PROVIDED INFORMATION:

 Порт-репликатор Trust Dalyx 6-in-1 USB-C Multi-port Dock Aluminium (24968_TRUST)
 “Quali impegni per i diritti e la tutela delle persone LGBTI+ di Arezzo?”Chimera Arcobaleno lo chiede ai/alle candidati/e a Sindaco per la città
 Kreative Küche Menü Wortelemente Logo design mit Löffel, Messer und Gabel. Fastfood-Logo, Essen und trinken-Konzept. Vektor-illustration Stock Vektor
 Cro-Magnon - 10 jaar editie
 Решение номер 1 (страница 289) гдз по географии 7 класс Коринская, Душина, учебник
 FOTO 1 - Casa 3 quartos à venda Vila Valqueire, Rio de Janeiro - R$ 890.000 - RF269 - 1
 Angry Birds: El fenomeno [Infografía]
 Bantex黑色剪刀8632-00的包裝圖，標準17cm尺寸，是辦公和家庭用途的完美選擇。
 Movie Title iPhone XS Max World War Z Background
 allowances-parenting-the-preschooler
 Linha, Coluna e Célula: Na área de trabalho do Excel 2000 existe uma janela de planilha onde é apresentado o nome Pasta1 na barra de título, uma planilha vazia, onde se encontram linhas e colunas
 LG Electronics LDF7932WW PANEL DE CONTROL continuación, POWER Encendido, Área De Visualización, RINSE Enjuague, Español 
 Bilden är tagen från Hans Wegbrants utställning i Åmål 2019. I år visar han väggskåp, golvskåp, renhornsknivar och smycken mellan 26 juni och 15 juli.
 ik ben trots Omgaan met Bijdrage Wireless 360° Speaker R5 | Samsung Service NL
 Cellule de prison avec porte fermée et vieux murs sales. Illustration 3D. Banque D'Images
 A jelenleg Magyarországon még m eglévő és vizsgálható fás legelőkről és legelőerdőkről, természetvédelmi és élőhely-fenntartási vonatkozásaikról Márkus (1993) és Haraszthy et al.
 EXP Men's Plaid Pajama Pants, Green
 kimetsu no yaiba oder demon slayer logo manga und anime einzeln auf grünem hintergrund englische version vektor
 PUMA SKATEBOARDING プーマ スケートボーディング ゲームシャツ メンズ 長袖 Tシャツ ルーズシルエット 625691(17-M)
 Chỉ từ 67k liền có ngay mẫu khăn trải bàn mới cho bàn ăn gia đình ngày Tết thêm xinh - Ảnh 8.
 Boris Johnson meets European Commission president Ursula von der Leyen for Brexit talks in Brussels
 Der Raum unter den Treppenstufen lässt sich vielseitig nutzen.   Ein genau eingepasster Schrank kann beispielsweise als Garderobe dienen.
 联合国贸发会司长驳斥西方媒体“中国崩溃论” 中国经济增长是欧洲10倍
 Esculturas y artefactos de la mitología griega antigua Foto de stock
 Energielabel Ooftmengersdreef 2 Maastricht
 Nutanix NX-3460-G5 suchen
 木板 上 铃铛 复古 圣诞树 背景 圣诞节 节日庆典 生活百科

WHAT YOU NEED TO DO: Would you please repeat all the entries exactly as written?

PROBLEM SOLUTION:
 Порт-репликатор Trust Dalyx 6-in-1 USB-C Multi-port Dock Aluminium (24968_TRUST)
 “Quali impegni per i diritti e la tutela delle persone LGBTI+ di Arezzo?”Chimera Arcobaleno lo chiede ai/alle candidati/e a Sindaco per la città
 Kreative Küche Menü Wortelemente Logo design mit Löffel, Messer und Gabel. Fastfood-Logo, Essen und trinken-Konzept. Vektor-illustration Stock Vektor
 Cro-Magnon - 10 jaar editie
 Решение номер 1 (страница 289) гдз по географии 7 класс Коринская, Душина, учебник
 FOTO 1 - Casa 3 quartos à venda Vila Valqueire, Rio de Janeiro - R$ 890.000 - RF269 - 1
 Angry Birds: El fenomeno [Infografía]
 Bantex黑色剪刀8632-00的包裝圖，標準17cm尺寸，是辦公和家庭用途的完美選擇。
 Movie Title iPhone XS Max World War Z Background
 allowances-parenting-the-preschooler
 Linha, Coluna e Célula: Na área de trabalho do Excel 2000 existe uma janela de planilha onde é apresentado o nome Pasta1 na barra de título, uma planilha vazia, onde se encontram linhas e colunas
 LG Electronics LDF7932WW PANEL DE CONTROL continuación, POWER Encendido, Área De Visualización, RINSE Enjuague, Español 
 Bilden är tagen från Hans Wegbrants utställning i Åmål 2019. I år visar han väggskåp, golvskåp, renhornsknivar och smycken mellan 26 juni och 15 juli.
 ik ben trots Omgaan met Bijdrage Wireless 360° Speaker R5 | Samsung Service NL
 Cellule de prison avec porte fermée et vieux murs sales. Illustration 3D. Banque D'Images
 A jelenleg Magyarországon még m eglévő és vizsgálható fás legelőkről és legelőerdőkről, természetvédelmi és élőhely-fenntartási vonatkozásaikról Márkus (1993) és Haraszthy et al.
 EXP Men's Plaid Pajama Pants, Green
 kimetsu no yaiba oder demon slayer logo manga und anime einzeln auf grünem hintergrund englische version vektor
 PUMA SKATEBOARDING プーマ スケートボーディング ゲームシャツ メンズ 長袖 Tシャツ ルーズシルエット 625691(17-M)
 Chỉ từ 67k liền có ngay mẫu khăn trải bàn mới cho bàn ăn gia đình ngày Tết thêm xinh - Ảnh 8.
 Boris Johnson meets European Commission president Ursula von der Leyen for Brexit talks in Brussels
 Der Raum unter den Treppenstufen lässt sich vielseitig nutzen.   Ein genau eingepasster Schrank kann beispielsweise als Garderobe dienen.
 联合国贸发会司长驳斥西方媒体“中国崩溃论” 中国经济增长是欧洲10倍
 Esculturas y artefactos de la mitología griega antigua Foto de stock
 Energielabel Ooftmengersdreef 2 Maastricht
 Nutanix NX-3460-G5 suchen
 木板 上 铃铛 复古 圣诞树 背景 圣诞节 节日庆典 生活百科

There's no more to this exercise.